Action item:
Transcribe every line of the material below exactly, leaving out the pictures.

Data extract:
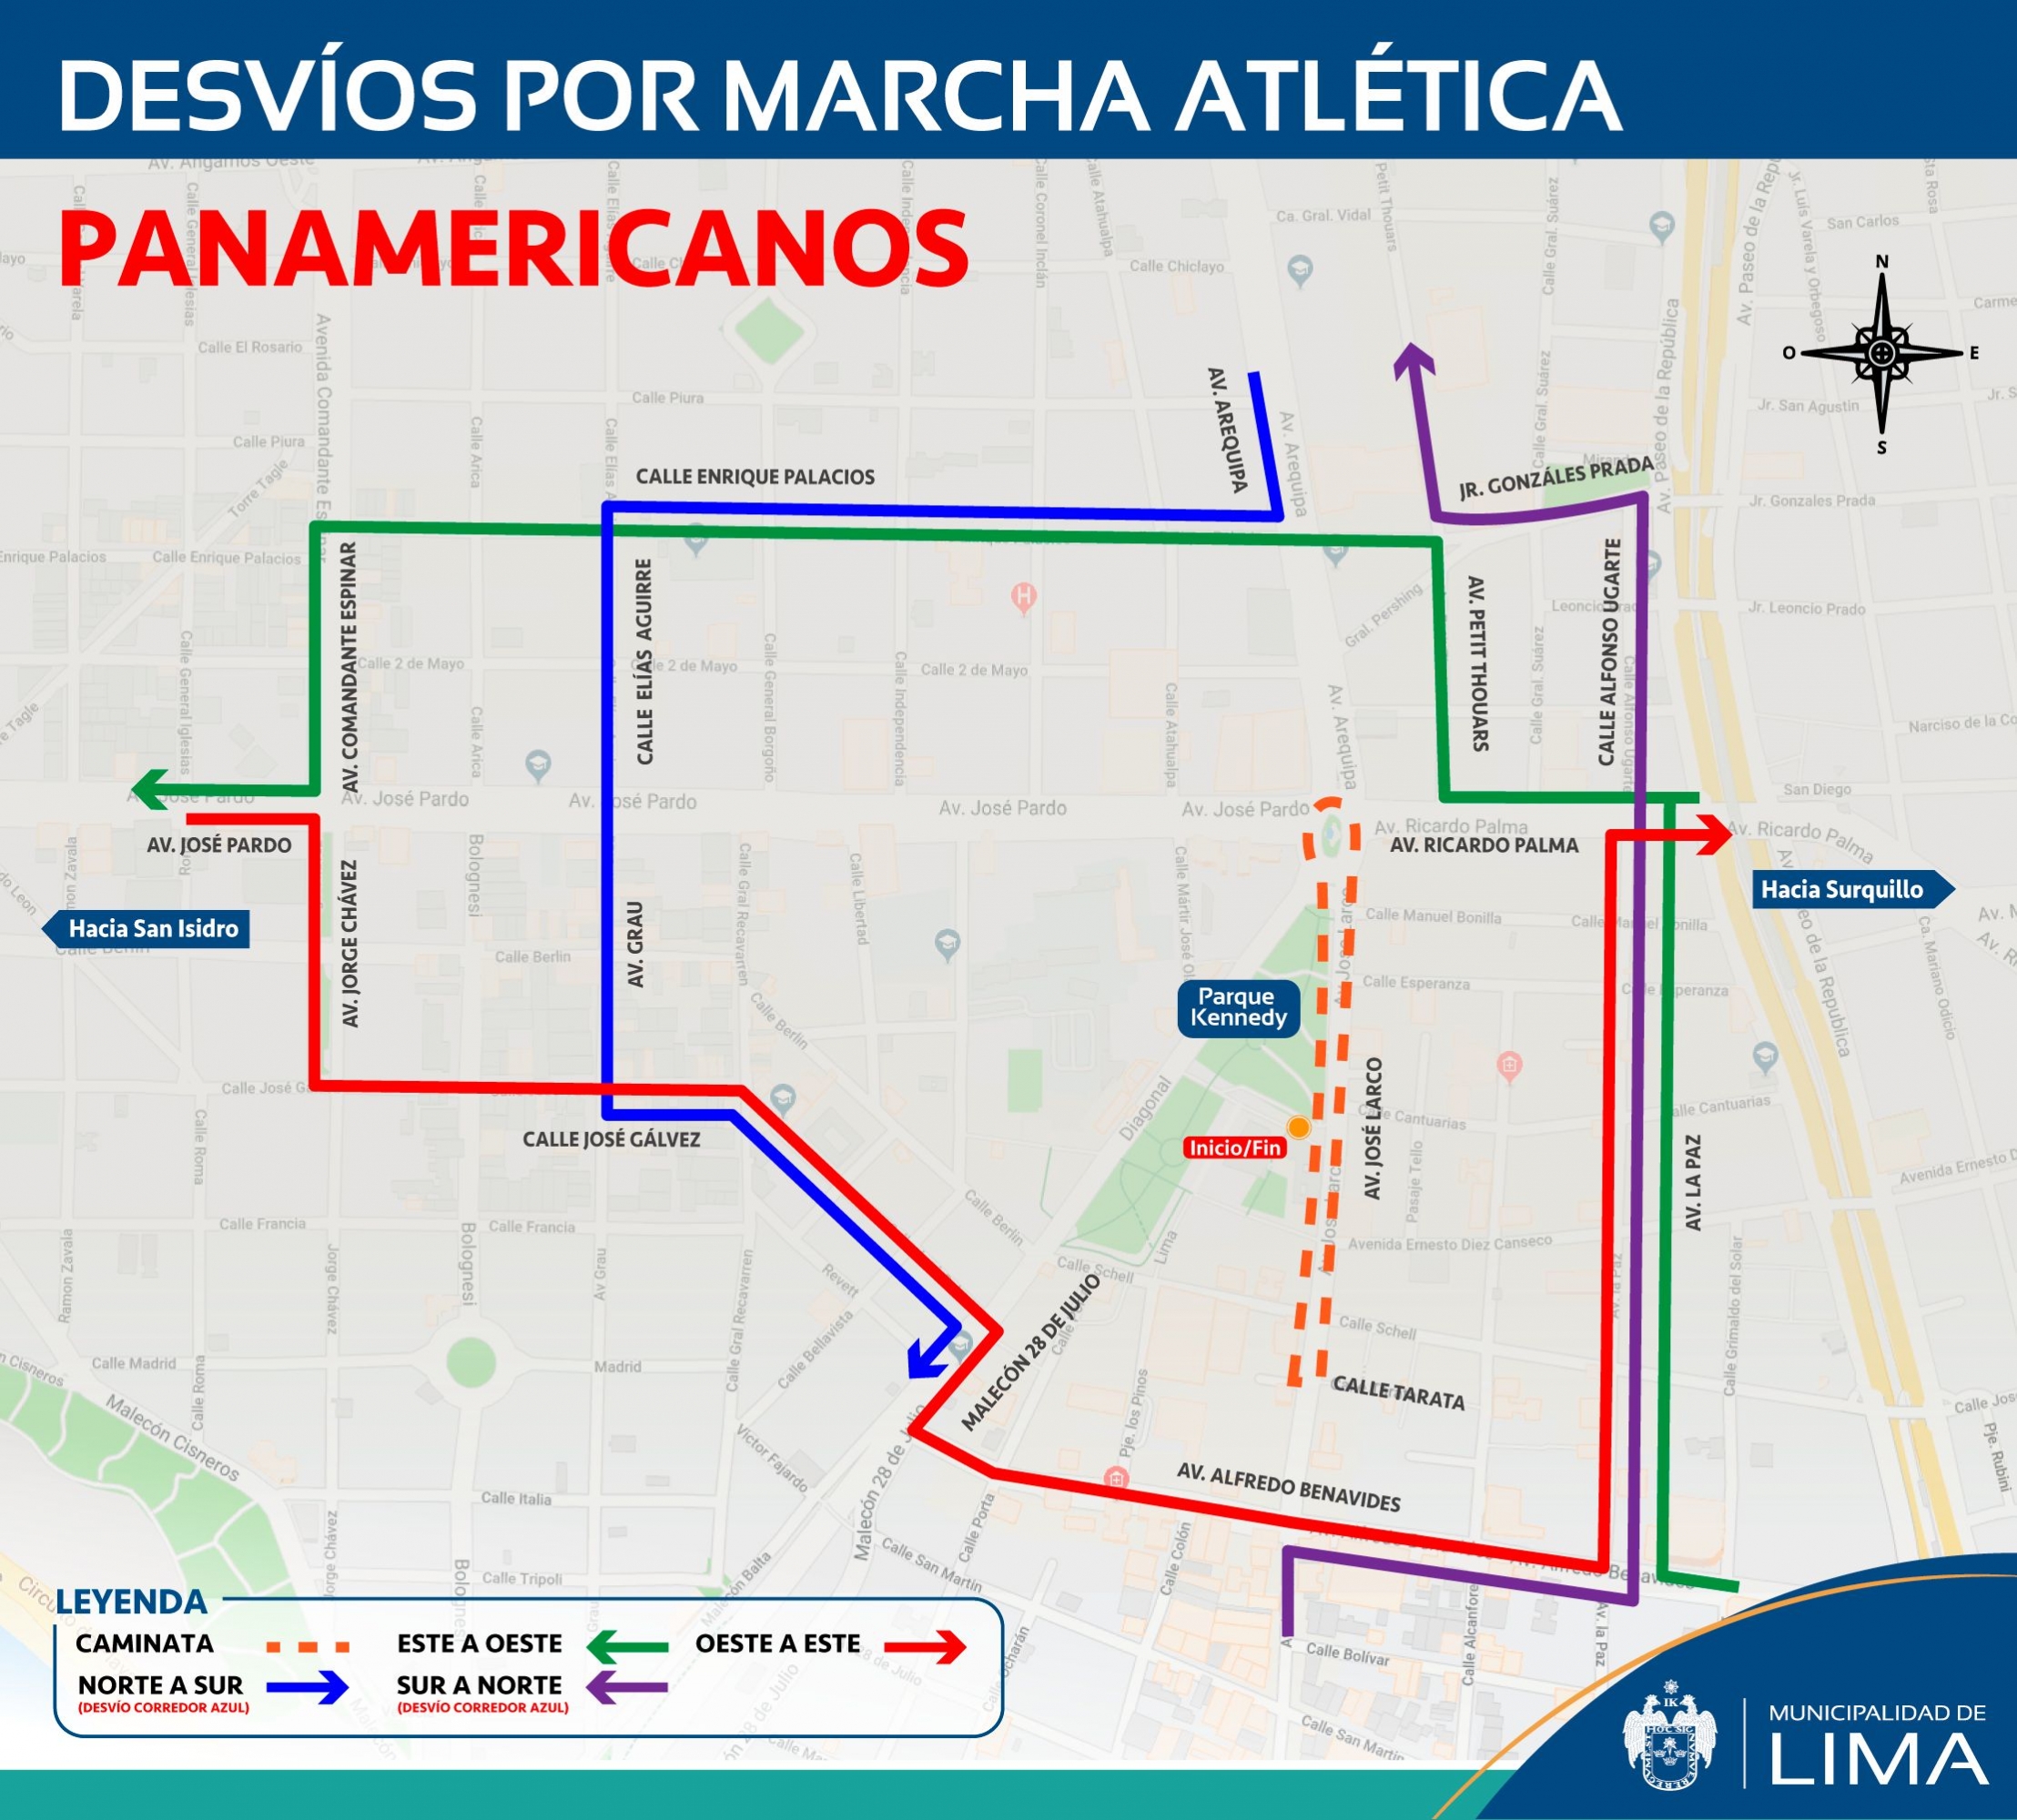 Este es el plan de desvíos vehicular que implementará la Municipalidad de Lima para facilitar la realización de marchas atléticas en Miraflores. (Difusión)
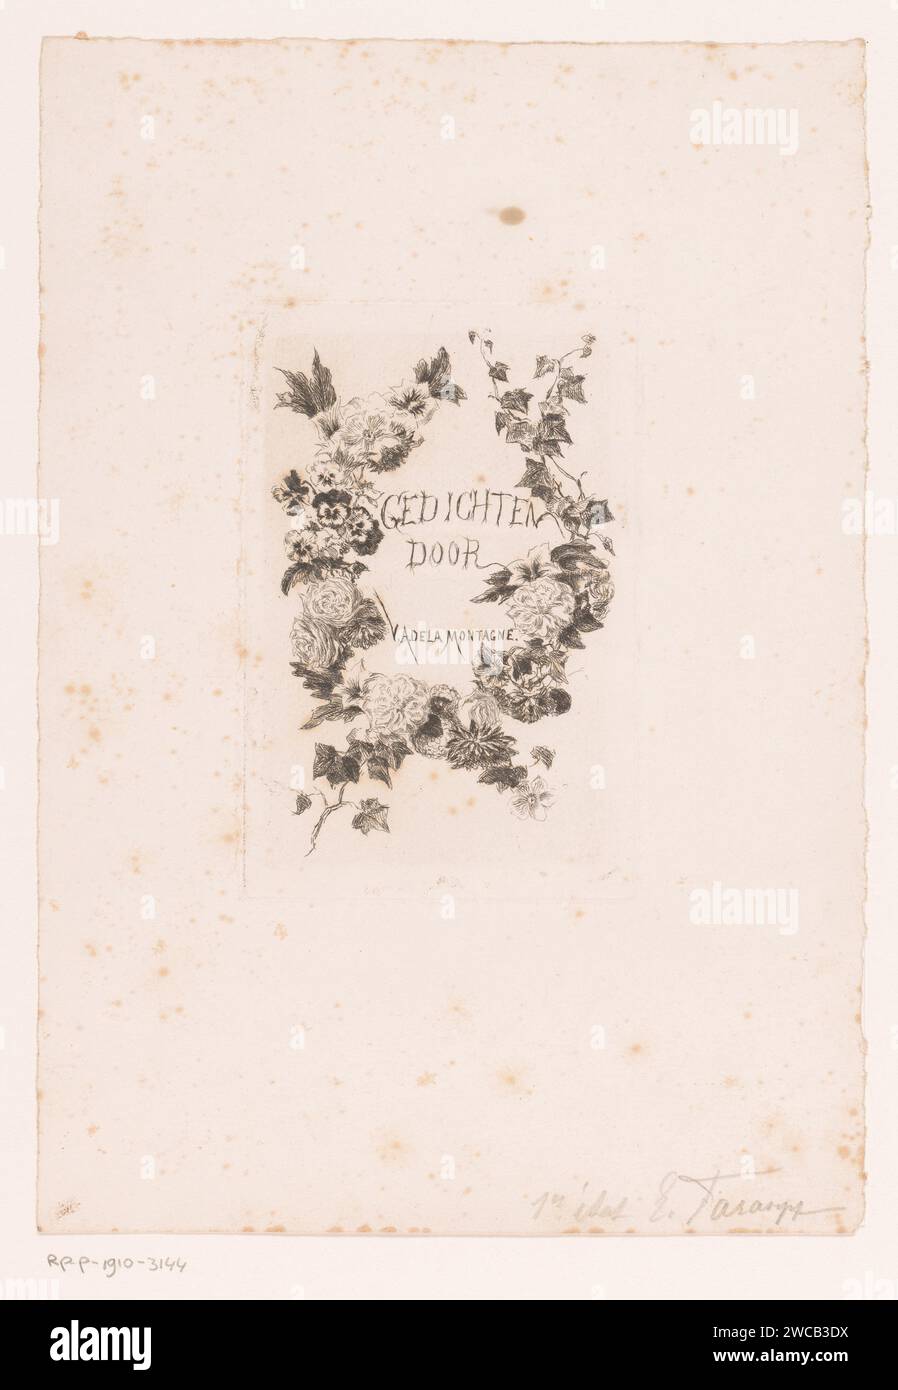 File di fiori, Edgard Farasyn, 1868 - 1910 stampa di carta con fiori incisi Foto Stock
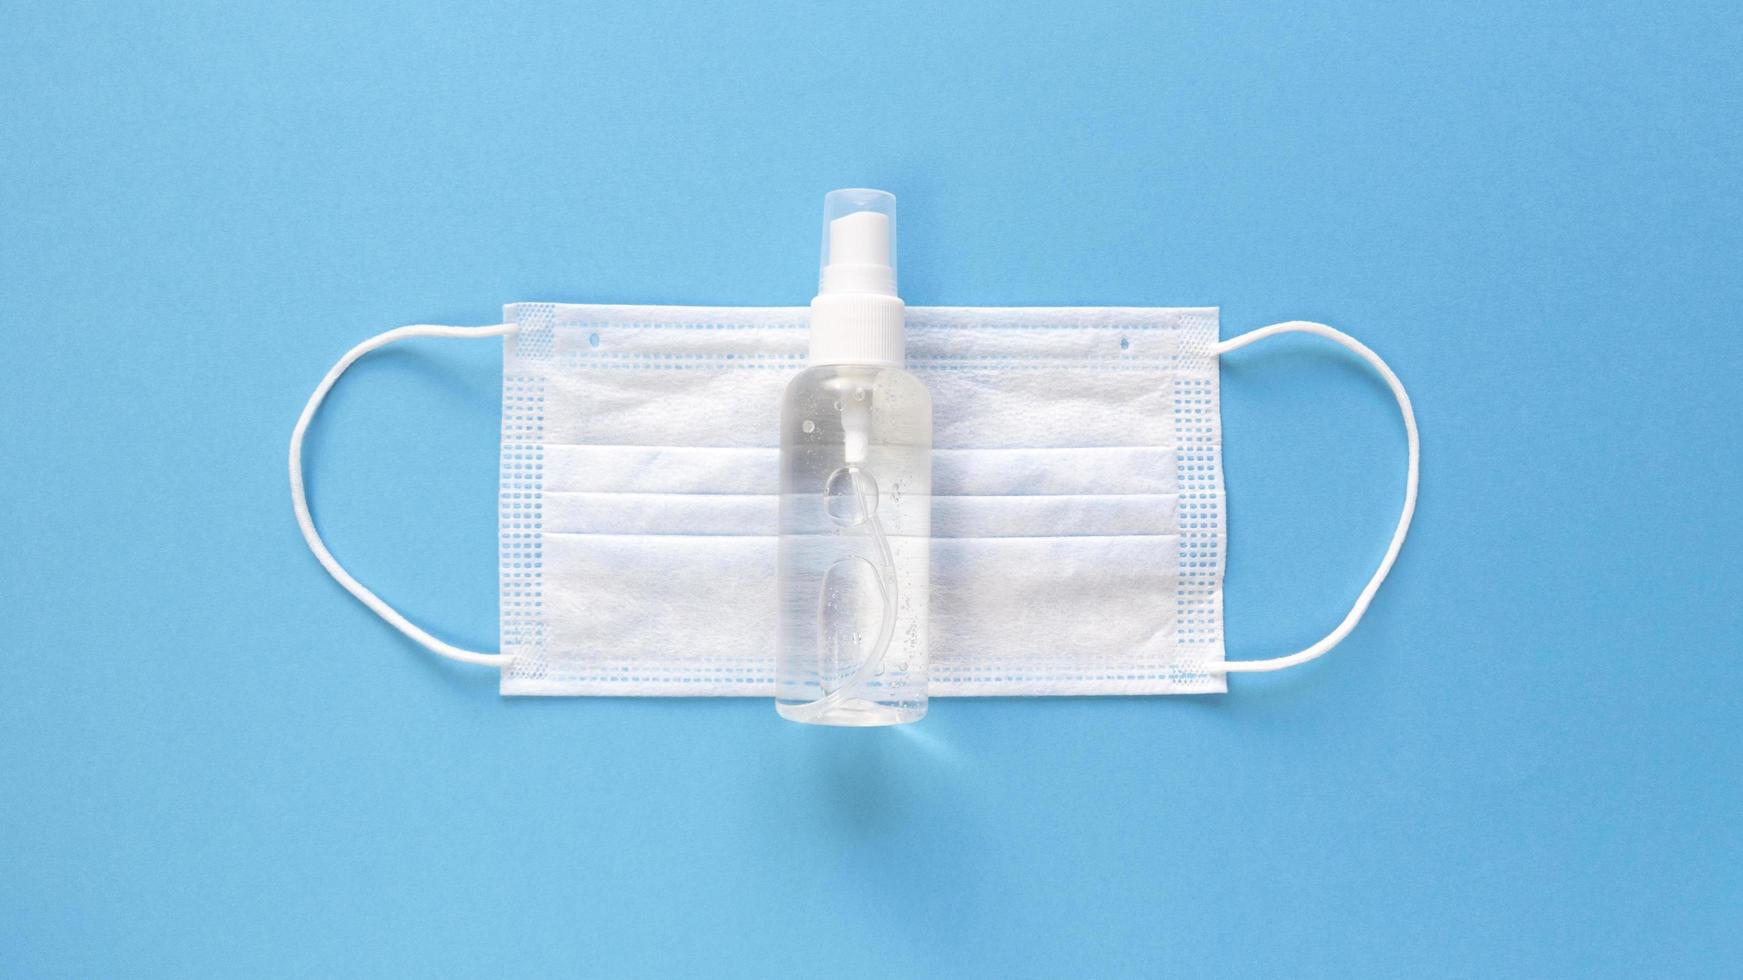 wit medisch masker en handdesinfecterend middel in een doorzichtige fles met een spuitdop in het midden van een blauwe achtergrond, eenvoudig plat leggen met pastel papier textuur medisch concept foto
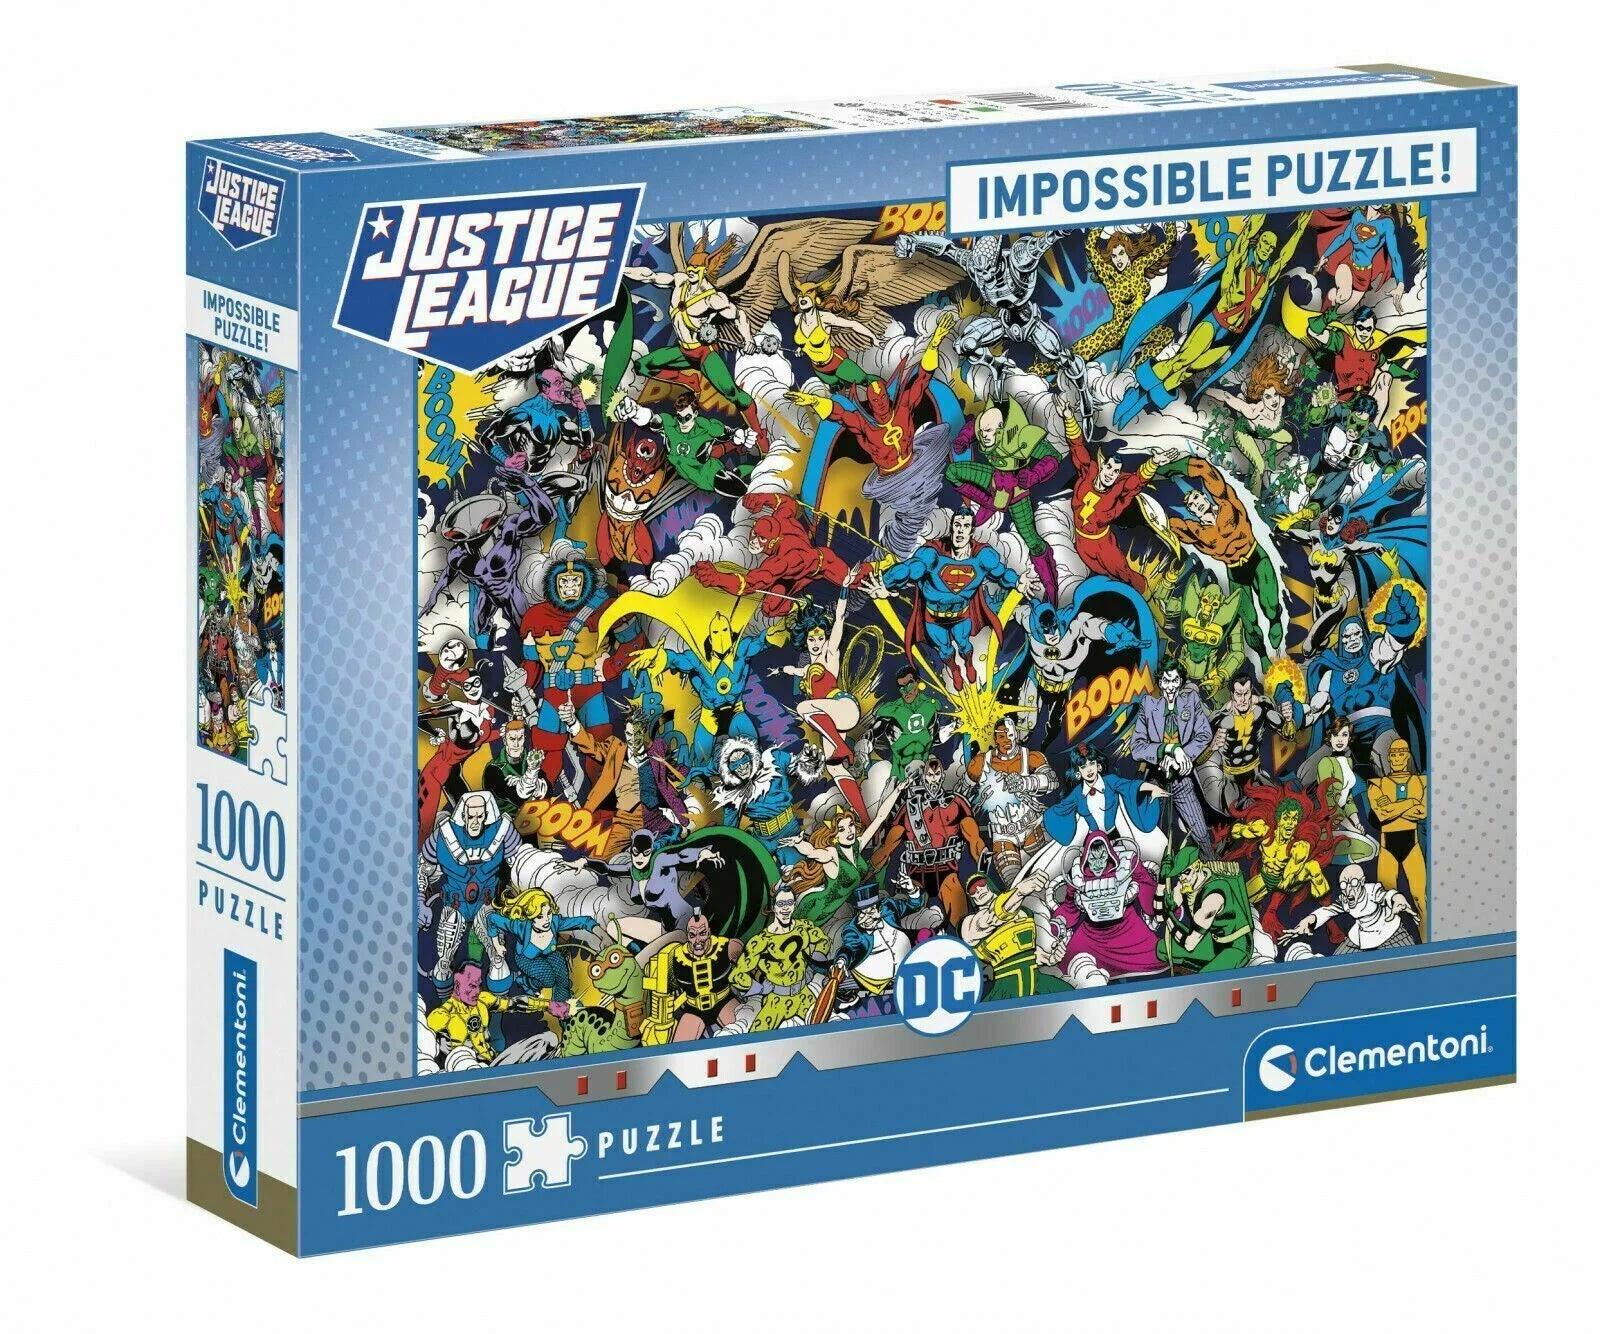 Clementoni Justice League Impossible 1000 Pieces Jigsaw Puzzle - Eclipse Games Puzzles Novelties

Result of the task:
 Este es el plan de desvíos vehicular que implementará la Municipalidad de Lima para facilitar la realización de marchas atléticas en Miraflores. (Difusión)
 File di fiori, Edgard Farasyn, 1868 - 1910 stampa di carta con fiori incisi Foto Stock
 wit medisch masker en handdesinfecterend middel in een doorzichtige fles met een spuitdop in het midden van een blauwe achtergrond, eenvoudig plat leggen met pastel papier textuur medisch concept foto
 Clementoni Justice League Impossible 1000 Pieces Jigsaw Puzzle - Eclipse Games Puzzles Novelties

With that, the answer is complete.